This of course demonstrates only that it is likely Verizon actually can find a way to retrieve the text message content. In the letter, Verizon does say that, with regard to text message content,
It is our practice to require a probable cause warrant signed by a judge to release stored text message content, unless a customer consents to the release of his or her stored text messages or law enforcement certifies that there is an emergency danger of death or serious physical injury. 
So, what actually IS the bottom line here?

  1. Stump is freaked out about the possibility of having to disclose those texts.
  2. The ACC claims IT does not have the text message content; Cantelme claims that the ACC has no duty to produce the text message content in question because it doesn't have it in its possession.
  3. Verizon danced around the issue SUGGESTING but not specifically stating that it cannot produce the content.
  4. External circumstances suggest that the content likely IS retrievable.
  5. It will apparently take a court order to require Verizon to produce the content.

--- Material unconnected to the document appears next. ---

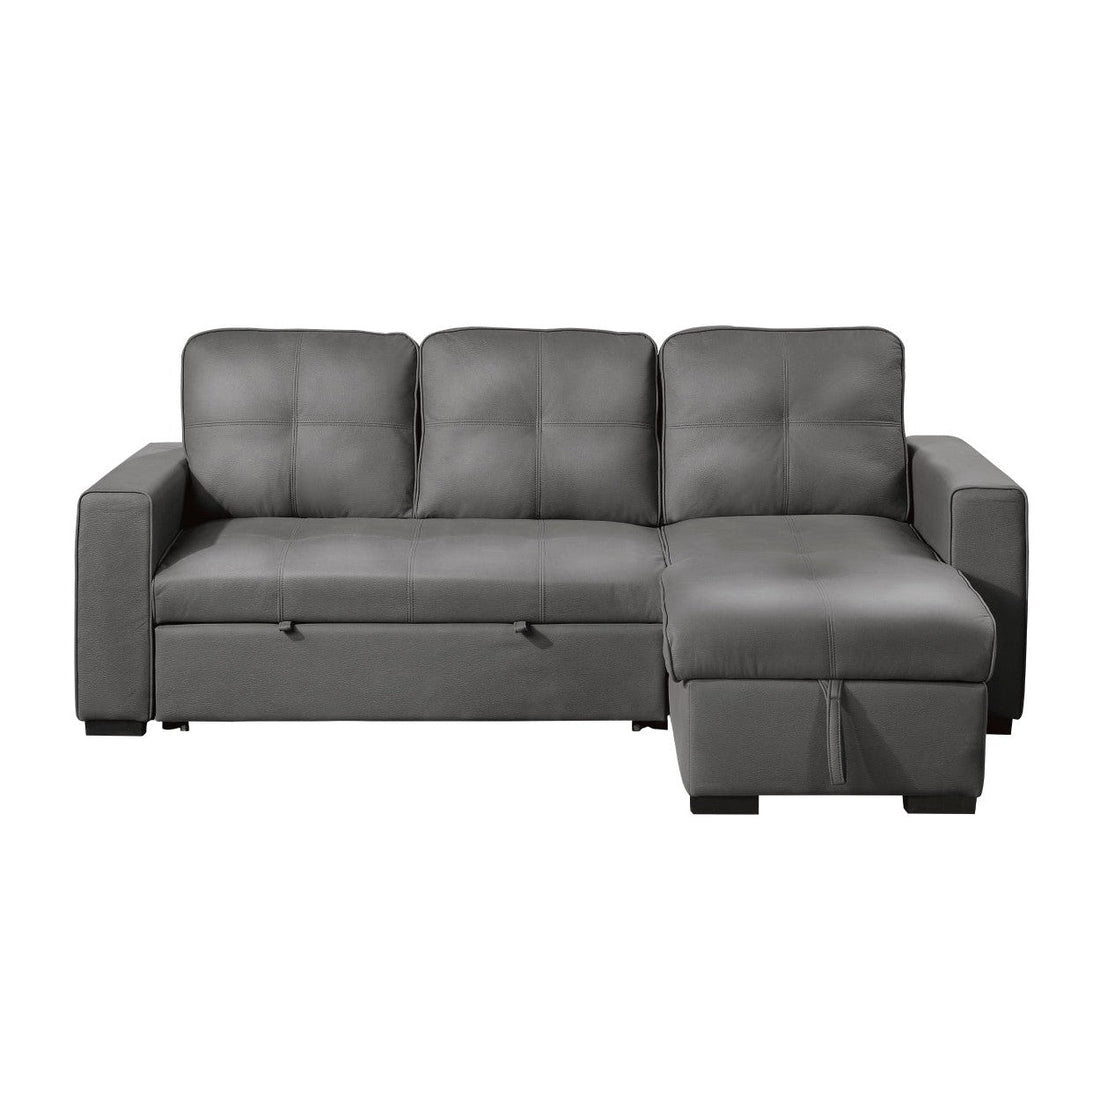 (2)2-Piece Reversible Sectional with Pull-out Bed and Hidden Storage 9569NFGY*SC

  6. In order to obtain said court order, it will apparently be necessary to file suit against Stump and the ACC. This could be done by C&BP or by the Citizens Clean Elections Commission, which does, despite blustery denials by state elections director Eric Spencer**, have jurisdiction to investigate.
  7. Stump and the ACC likely have their fingers crossed hoping against hope that they can ride out the storm without having to be held accountable for the blatant corruption that is in the process of being uncovered.

Obviously, since I'm not a lawyer, that list may be incomplete and/or not accurate in every detail. But it's probably not far off.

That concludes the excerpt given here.